О том, чтобы отослать Гизолу из Поджо-а-Мели, благоразумно позаботился Доменико: глядя на небезупречное ее поведение, он опасался неприятностей.

Она перебралась в Поджо-а-Мели, когда ей было двенадцать, и вернулась в Радду в семнадцать.

С прочими родственниками она была едва знакома и за все это время ни разу не видалась с двумя своими сестрами, которые, живя с ней врозь, никакой любви к ней не питали, но пришли к дилижансу ее встретить — в новых туфлях и праздничных платках.

Она привезла им в подарок два дешевых колечка под золото. Они поцеловали ее и потом обе не знали, что делать. Не могли решить, следует ли Гизоле идти посередке, и на ходу без конца менялись местами. В конце концов, младшая пошла сзади, а когда Гизола ее окликнула, отошла к краю дороги и шагала по поросшей травой обочине. И стоило Гизоле на нее взглянуть — тут же опускала голову и отводила взгляд. Старшая сестра тоже говорила мало и, в сущности, вообще не сказала ни слова.

Дойдя до дома, где ждали ее родители, Гизола расплакалась.
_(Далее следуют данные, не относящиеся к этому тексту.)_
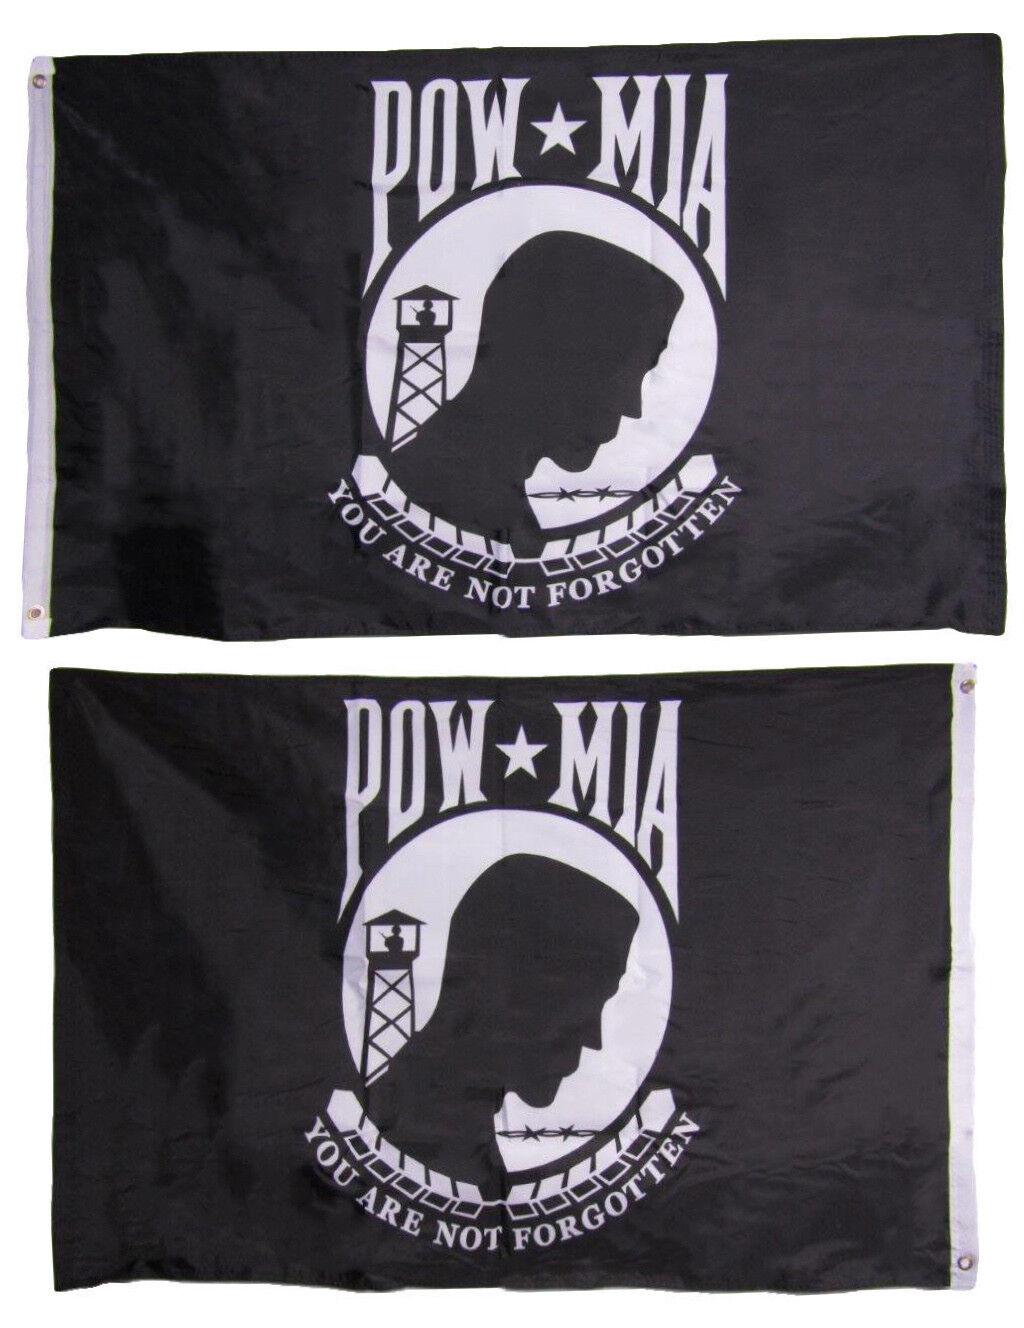 3x5 POW MIA Prisoner of War Heavy Duty Polyester Nylon 200D

Но потом был праздничный обед, за которым съели жаркое из кролика и двух зажаренных на сковородке кур — совсем еще не старых, с жирными, наполненными яичниками. Хлеб был свежий, утрешний.
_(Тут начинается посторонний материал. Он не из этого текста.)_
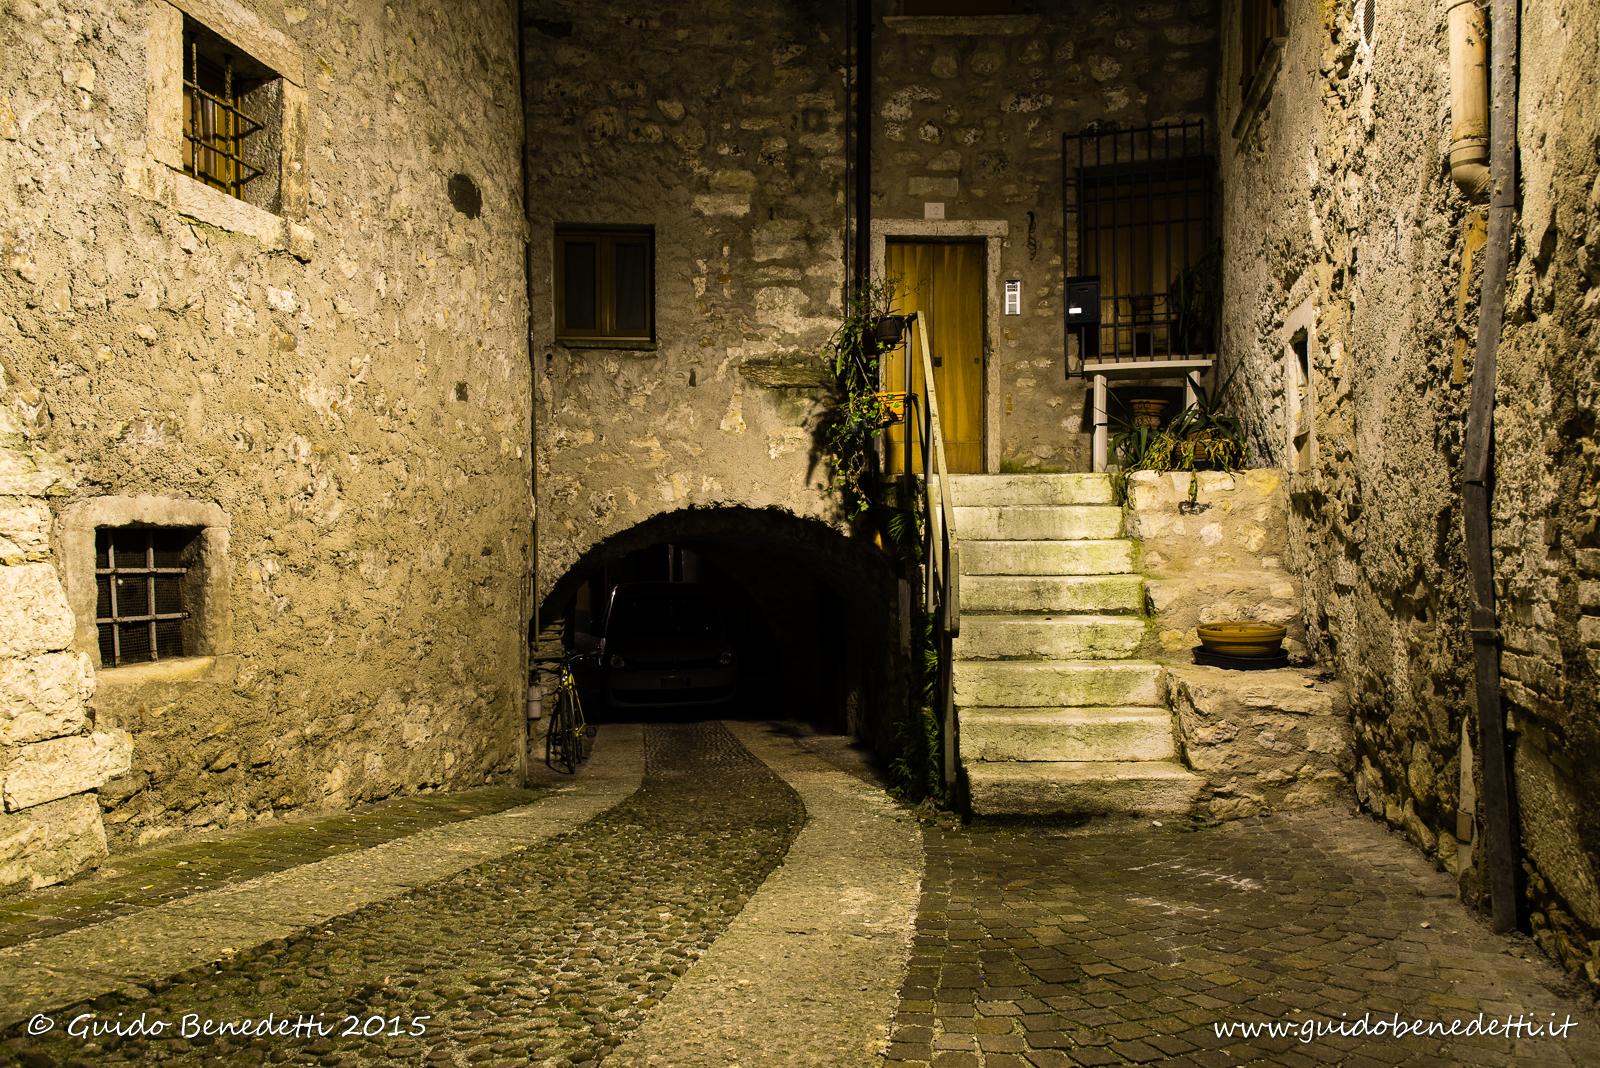 Scorcio arcense by night

Борио ди Сандро, вдовый друг семьи, помогавший им также деньгами, принес бутыль хорошего домашнего вина. И так, подвыпив, в первый день все друг с другом поладили.

Но Гизола вовсе не собиралась надрываться, как сестры, а те между собой прозвали ее «барышней-белоручкой». О том, чтобы с ними водиться, не могло быть и речи, и Гизола при любой возможности уходила одна в поля. На самом деле сестры относились к ней неплохо, но какой бы разговор они ни завели, Гизола всегда находила способ его оборвать. Даже на мессу она ходила одна — и вспоминала Поджо-а-Мели. Вернуться в Радду само по себе было несчастьем. И понимал это только Борио. Она всегда говорила ему, что не останется здесь — хоть режьте!

Прошел год, был большой церковный праздник, и вечером Борио повел ее в село на крестный ход.

За маленьким крестом шли парами крестьяне из окрестных деревень со шляпами в руках. За ними стайка девушек — они пели по книжкам, которые держали перед собой обеими руками, и шли, низко наклонив голову, будто против сильного ветра. За ними еще один крест — черный, большой и пыльный, с терновым венцом и свисающими веревочными бичами. И позади всех — священник.

Вдовец повел Гизолу домой — на молодых ребят она и смотреть не хотела и со всеми держалась свысока.

Дорога, густо обсаженная кипарисами, покидая село, шла круто вниз, в темноту — они спустились по ней и вышли в поля. Свернули на крутую тропку, что проходила краем большого приземистого взгорка, поросшего высокими дубами.

Гизола, которой Борио очень нравился, шла на шаг впереди, чуть взгрустнув, как бывало с ней, когда отпускало непривычное и затягивающее праздничное веселье.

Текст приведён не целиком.